Le plus caricatural appartemment qu j'ai vu dans le genre ultra-fonctionnel, c'est un 3 tatamis. Pour ceux qui ne connaissent pas bien la surface d'un tatami, ça doit faire en tout 10 m2 et encore...Le truc était moderne et propre avec la clim et un coin cuisine (dans la pièce 3 tatamis) tout neuf. Dans les toilettes de 1m2 il y avait aussi la douche accrochée juste à côté de la cuvette. Il est clair que c'est le genre d'endroit où on ne fait que dormir mais c'est économique: 39000 yens par mois à côté de Shinagwa, à proximité de la station JR avec connection internet. Bon ce n'est pas un exemple à généraliser puisque pour juste un peu plus cher on peut trouver quelque chose de bien plus vivable. Mais ce était un peu spécial c'est que la grande maison découpée en petits appartemments était soumise à un régime assez strict. par exemple il y était interdit d'inviter quelqu'un pendant la nuit pour ne pas importuner le voisin. Une notion qui va du tapage nocturne festif aux ébats amoureux un peu trop expressifs. De plus, il y avait un "manager" dans le bâtiment pour veiller à ce que tout ce petit monde respecte le règlement avec le tri des poubelles...En bref, ça se rapprochait plus de la guesthouse sans les avantages de la guesthouse.
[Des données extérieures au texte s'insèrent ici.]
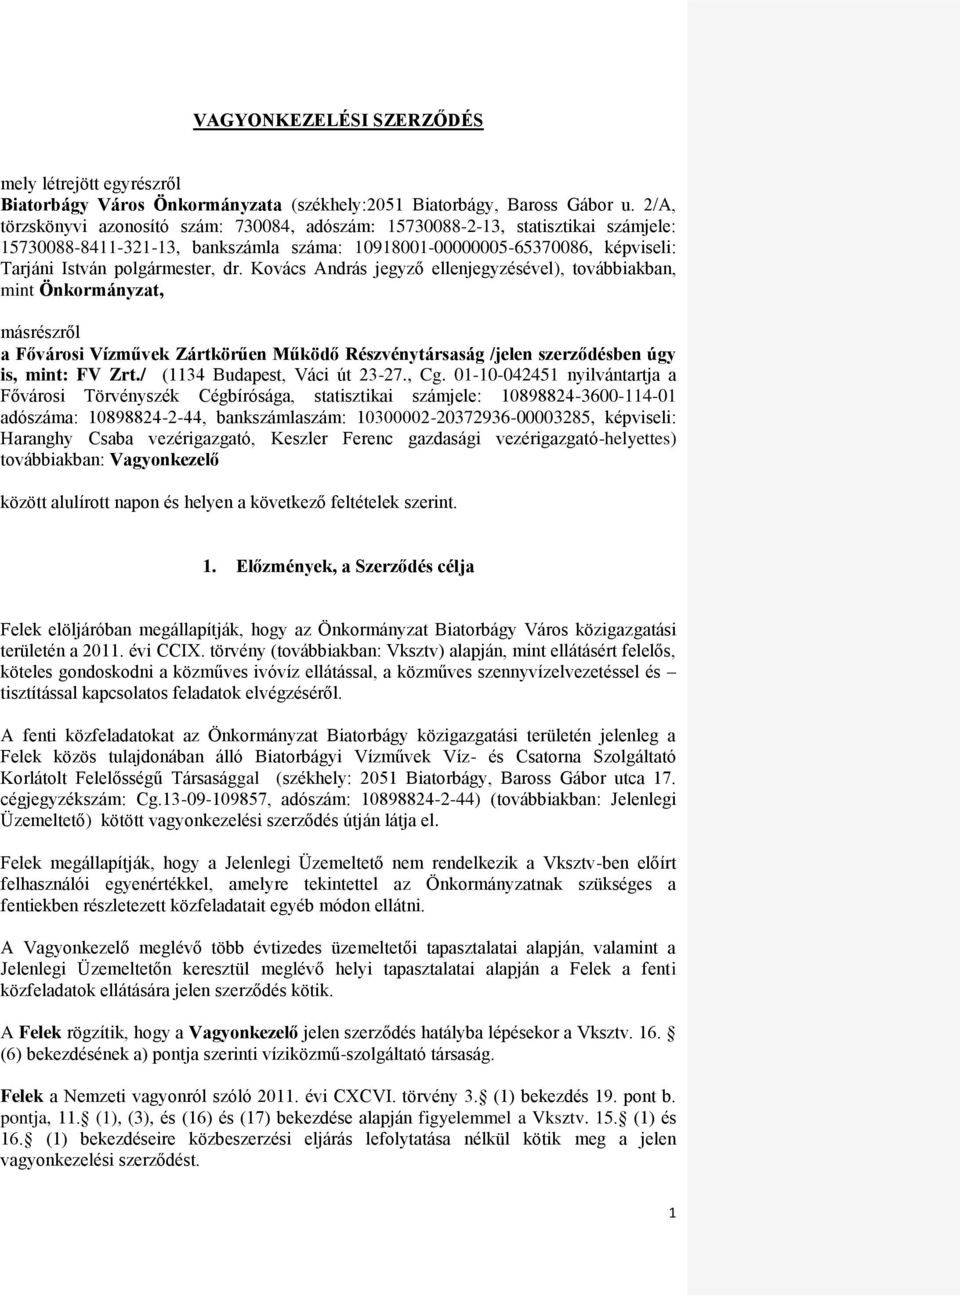 Kovács András jegyző ellenjegyzésével), továbbiakban, mint Önkormányzat, másrészről a Fővárosi Vízművek Zártkörűen Működő Részvénytársaság /jelen szerződésben úgy is, mint: FV Zrt.

Parceque se retrouver isolé dans une pièce de 3 tatamis sans luminosité naturelle, ou très peu à cause du mur en face, ça doit pas être marrant tous les jours, et il veut mieux avoir une copine ou un copain chez qui on peut passer une moitié de la semaine! Pourquoi ce réglement? On invoque ici que les résidents du quartier sont là depuis plusieurs générations et vivent dans le calme.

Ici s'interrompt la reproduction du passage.